Catalonia is no stranger to the consolidation of the extreme right as a political option. In the elections last Sunday. Vox, the party led by Santiago Abascal, obtained more than 5 percent of the votes, only two points below the Spanish average.

With a no less corrective factor: the significant presence of this formation in the Catalan municipalities – it is the seventh electoral strength – coexists with the emergence of a constellation of small pro-independence ultra-right parties that have also carved a niche for themselves in the town halls. Overall, the ultras have managed to be present – ​​with some exceptions, with one or two representatives at most – in 80 town halls with a total of 132 councillors.

The vast majority are from Vox. This formation obtained 124 councilors, multiplying by forty the results of the previous municipal elections when it obtained only three representatives, all of them concentrated in a single municipality, Salt, in Girona. Now there are four, one more than then.

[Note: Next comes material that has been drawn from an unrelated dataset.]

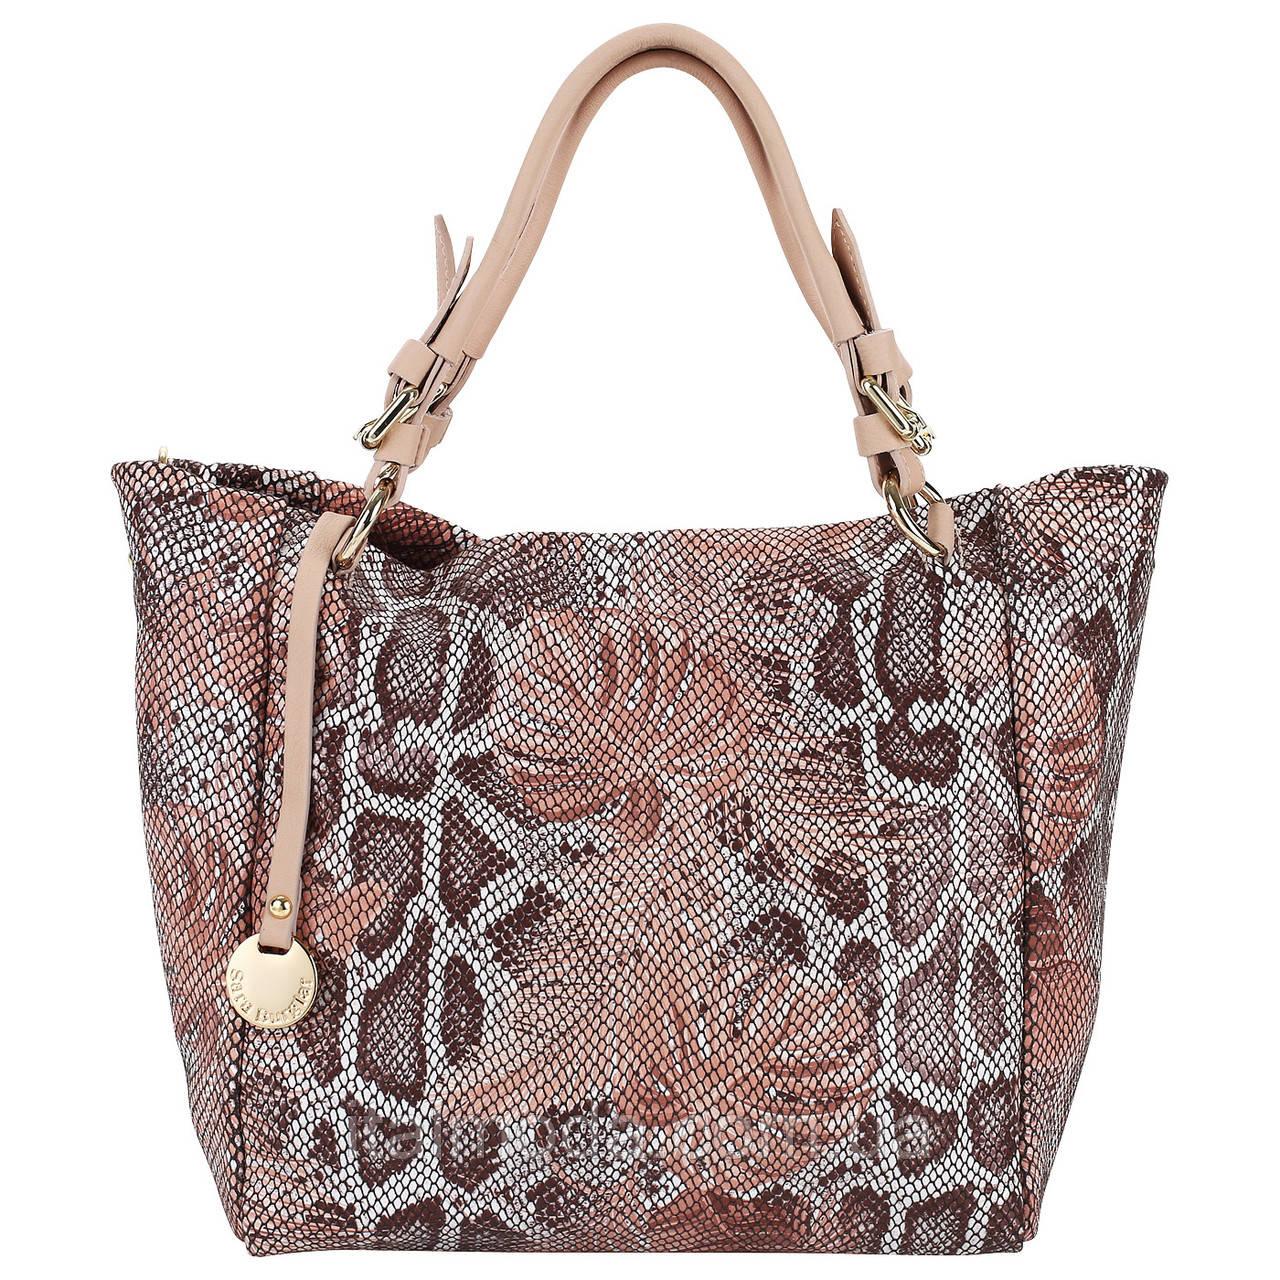 a164d15777f2 Женская кожаная сумка Sara Burglar 200 - Интернет-магазин

While in the Parliament of Catalonia the so-called sanitary cordon continues to be applied to the 11 deputies that Vox obtained in the regional elections —as if he did not want to see them, the president of the Generalitat turns his back on the ultranationalist representatives when he answers them in the sessions of control— since last Sunday the formation of Santiago Abascal has representatives in 77 municipalities of Catalonia. In total, 3 million Catalans have far-right councilors sitting in the plenary hall of their town halls.

The vote for Vox in Catalonia presents some significant novelties. The evidence that it is in the municipalities of the Barcelona metropolitan area where it has managed to locate a greater number of councilors should not hide the fact that its best percentage results, between 9 and 10%, are not all there.

They are also in more exotic latitudes, in municipalities characterized by the dispersed urbanism of the old summer resorts now converted into primary residences. Salou, Cunit, Piera, Cubelles or Tordera… It is the Catalonia of alarms. Houses with gardens in urbanizations far from public services and where security has become a recurring concern. Where Prosegur or Securitas Direct sheets placed on doors and windows are more common than geraniums. The dream of the house and l’hortet is restless.

In some of these census sections, Vox has managed to reach almost 20% of the votes. As in the urbanization of Can Claramunt (Piera) or Rodolat del Moro (Tarragona) where this formation has brought together between 19% and 20.5% of the vote. Both percentages quadruple the average Catalan vote for Vox.

The extreme right hit the nail on the head. Its propaganda has been hanging on the billboards of these scattered urbanizations for months: “With Vox you will live in a safe neighborhood” printed on a purple background -Podemos color- with the image of some hooded youths. She has not only managed to place the occupations debate at the center of the campaign, but has also managed to capitalize on that fear in votes.

In the metropolitan area, except in Badalona, ​​where García Albiol has monopolized the entire vote, Vox is present in almost all municipalities to a greater or lesser extent. Some results are very striking: in l’Hospitalet there are census areas of the La Florida neighborhood where the PSC won but the ultra party was the second force with 17% of the votes, well above the Catalan average.

In Mataró, where Vox has reached 12% of the votes, in some census areas it even exceeds these marks and has obtained more than 20%. In the capital of Maresme, as in l’Hospitalet, the PSC governs, whose leadership already recognizes that the growth of the ultra vote constitutes a serious threat and a problem for reaching alternative majorities to the independence movement.

The strength of the security and immigration vector – in Mataró, for example, there is a district with 24% of the population born in another country – has a big impact on these polling stations.

This combination can explain results as surprising as that of Manresa where another ultra party, this time pro-independence, the Front Nacional has obtained two councilors in addition to the one that Vox also obtained. The intransigent vote adds up to 12% in the capital of Bages where Esquerra Republicana has won.

But if somewhere it is found that something is failing in Catalonia, it is in Ripoll. In the town where the young terrorists who attacked on the Rambla and Cambrils in 2017 grew up, the majority party is the Aliança Catalana formation, led by Sílvia Orriols. He has obtained six councilors out of a possible 17. The leader of this formation, on whose website images of the police beating 1-O voters are mixed with those of alleged immigrants being detained by the Mossos, was a militant of Estat Català and in the 2019 elections she already won a position as a councilor for the Front Nacional.

The first is the last. Josep Anglada, the leader of Plataforma per Catalunya, the first Catalan-inspired xenophobic formation, has managed to return to Vic town hall with his new party Som Identitaris.

If the votes of one sign and another are added, in Catalonia the extreme right obtained a total of 157,600 ballots and was less than 100,000 votes away from the 247,000 that the PP received. However, in Catalonia it seems very unlikely that on June 17, when the town councils will be constituted, those votes will count to form governments. But that they are not taken into account does not mean that they do not exist.